Zedric: In our post-NYCC 2013 Roundtable discussion, I listed this Punisher relaunch, billed as part of Marvel Comics’ All-New Marvel NOW! campaign, as one of my most anticipated titles of 2014. My hopes and excitement for the title stemmed less from being a fan of the black-clad, gun-toting vigilante and had more to do with the fact that writer Nathan Edmondson and artist Mitch Gerads would be handling the book. As I’ve mentioned repeatedly in reviews and articles, I think Edmondson and Gerads’ The Activity (published by Image Comics) is one of the most consistently well-made and entertaining military-themed comics out there, although it does seem like it’s on indefinite hiatus as of this writing. On paper, Edmondson and Gerads on the Punisher looks like a perfect fit, a pairing that could possibly reach the same pulse-pounding heights and depressing depths as writer Garth Ennis and artist Goran Parlov’s best work on the highly-acclaimed MAX-branded Punisher title from several years back.

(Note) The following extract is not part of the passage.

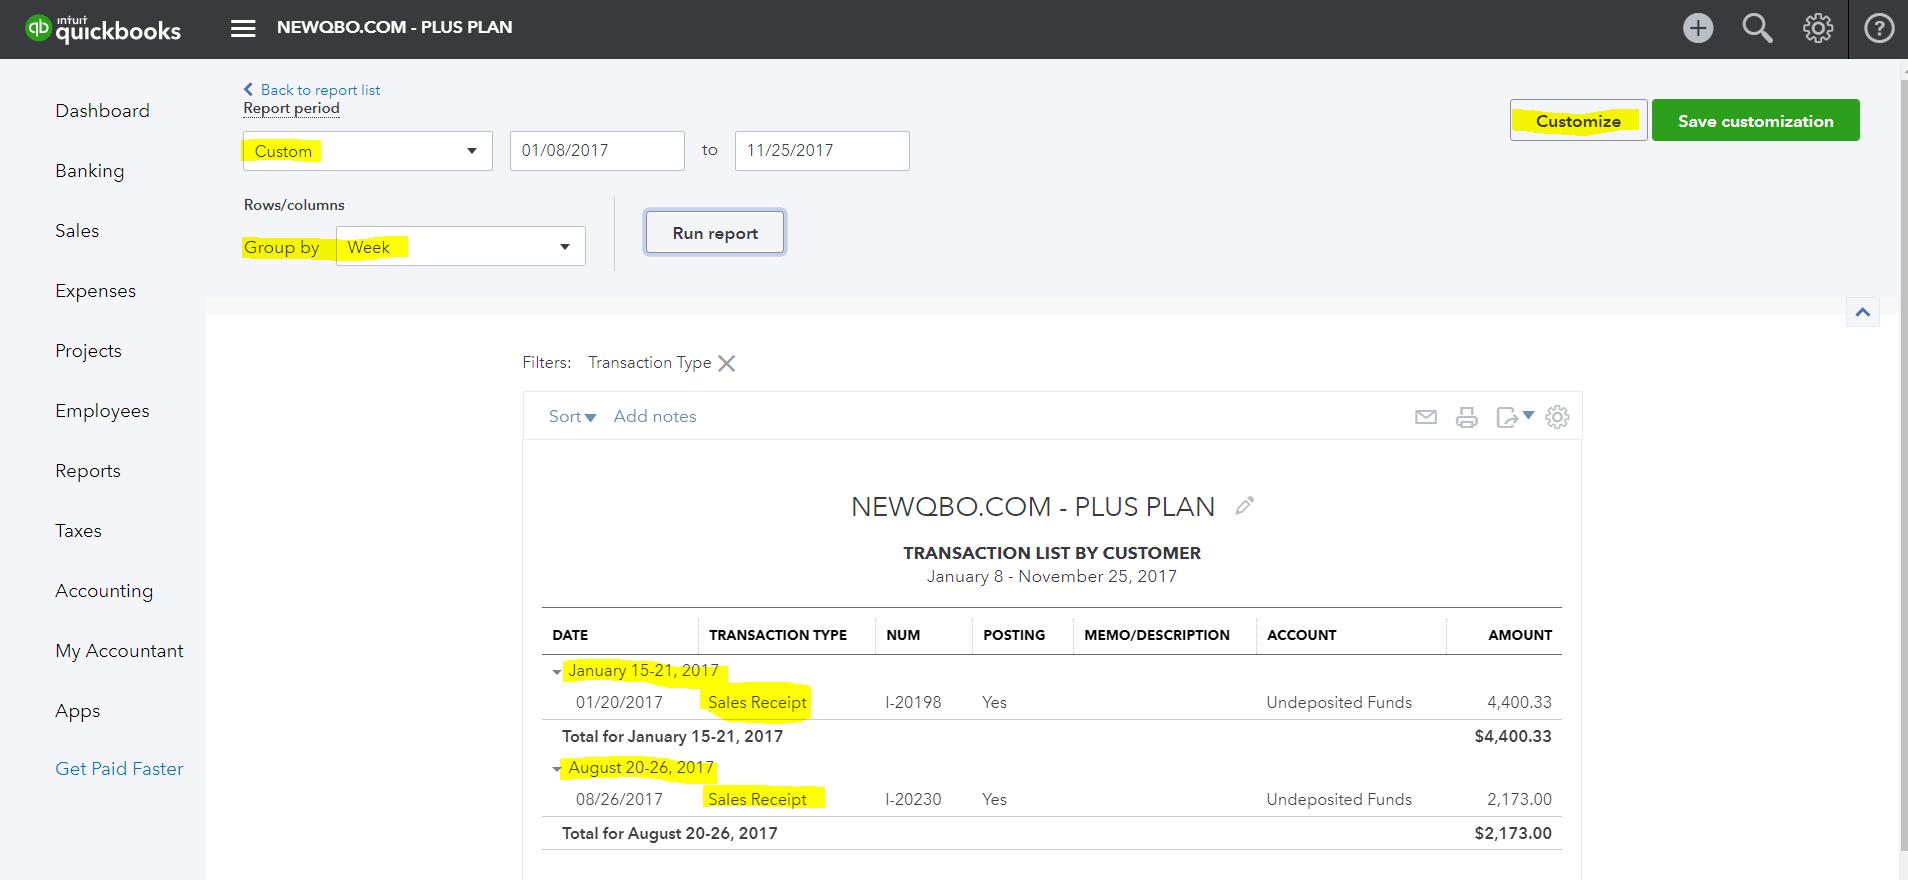 Sales Receipt NEWQBOCOM - Making receipts for customers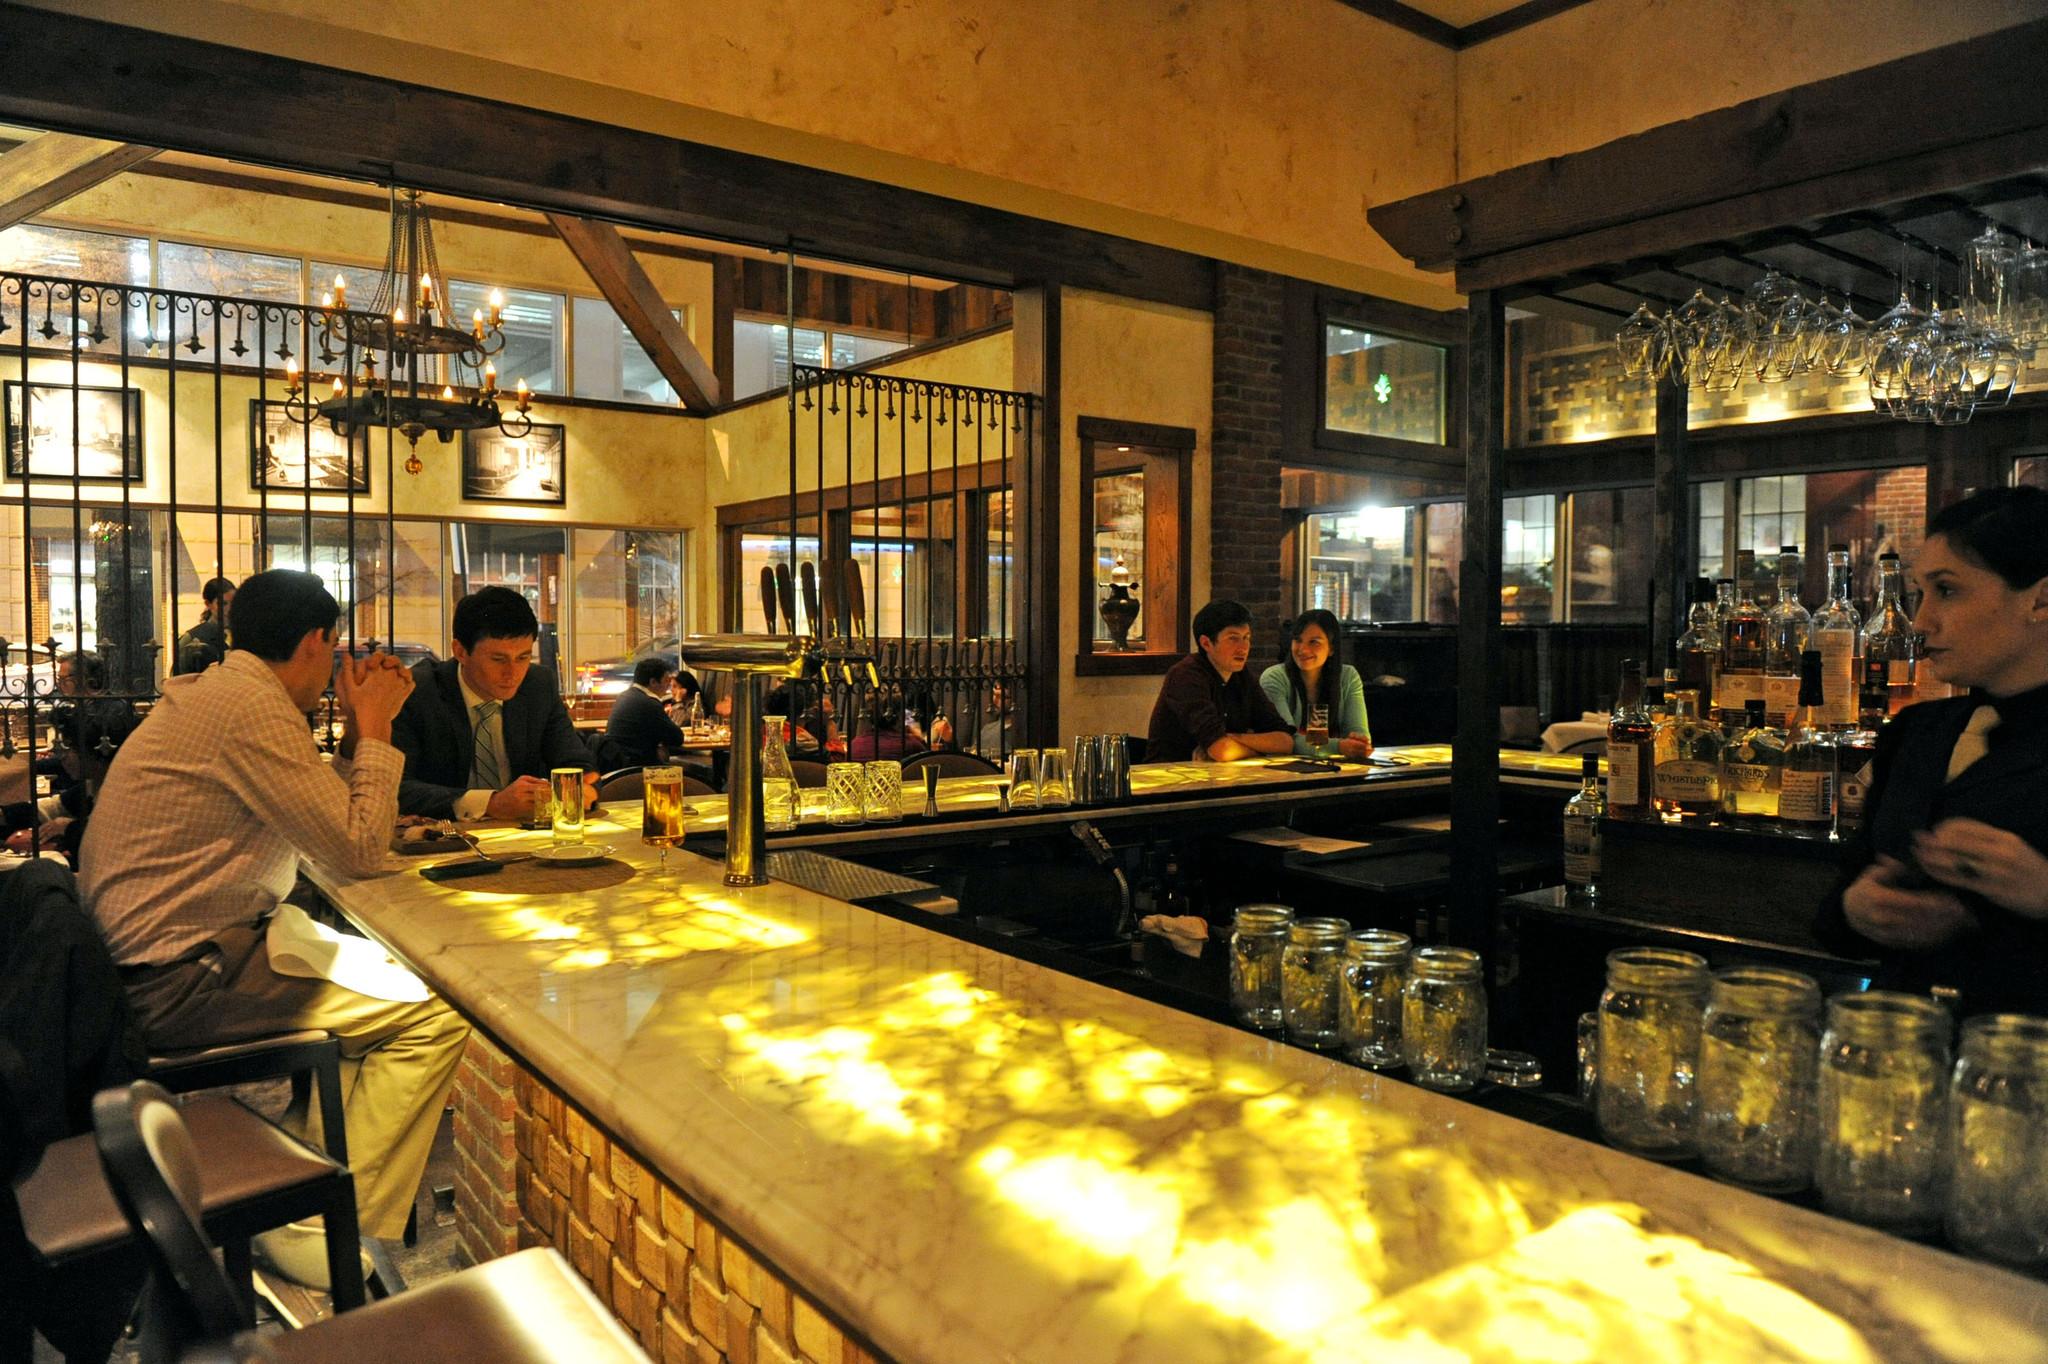 The bar at the Tavern Room.

It is perhaps because of those elevated expectations that I came away just slightly underwhelmed by The Punisher #1. There’s nothing “wrong” with Edmondson’s work on this issue—he returns the character to where he works best, engaged in a one-man guerrilla war against organized crime in an urban setting removed from the usual superheroes and sci-fi gadgetry of the Marvel Universe—it’s really the book’s foundational premise that I find a little problematic. One of strengths of Ennis’ work on the MAX Punisher series was its rich historical and thematic backdrop. Ennis made the bold choice of ignoring Marvel’s so-called “sliding timescale,” treating the character’s Vietnam War veteran origins not as an inconvenient artifact to be ignored in order to update the protagonist as a younger character, but as the starting point for a treatment that saw the Punisher elevated from run-of-the-mill vigilante comic to, at its absolute best, a vehicle for socio-political commentary and examining, with something of a satirical eye, the lingering after-effects of the Cold War and foreign interventionism in the developing world. The current “in-continuity” version of the Punisher that Edmondson has to work with, at this point, isn’t (yet) informed and burdened by the same sense history as Ennis’ version. He could just as well be an off-brand Dexter Morgan in black kevlar, armed with an HK416 assault rifle.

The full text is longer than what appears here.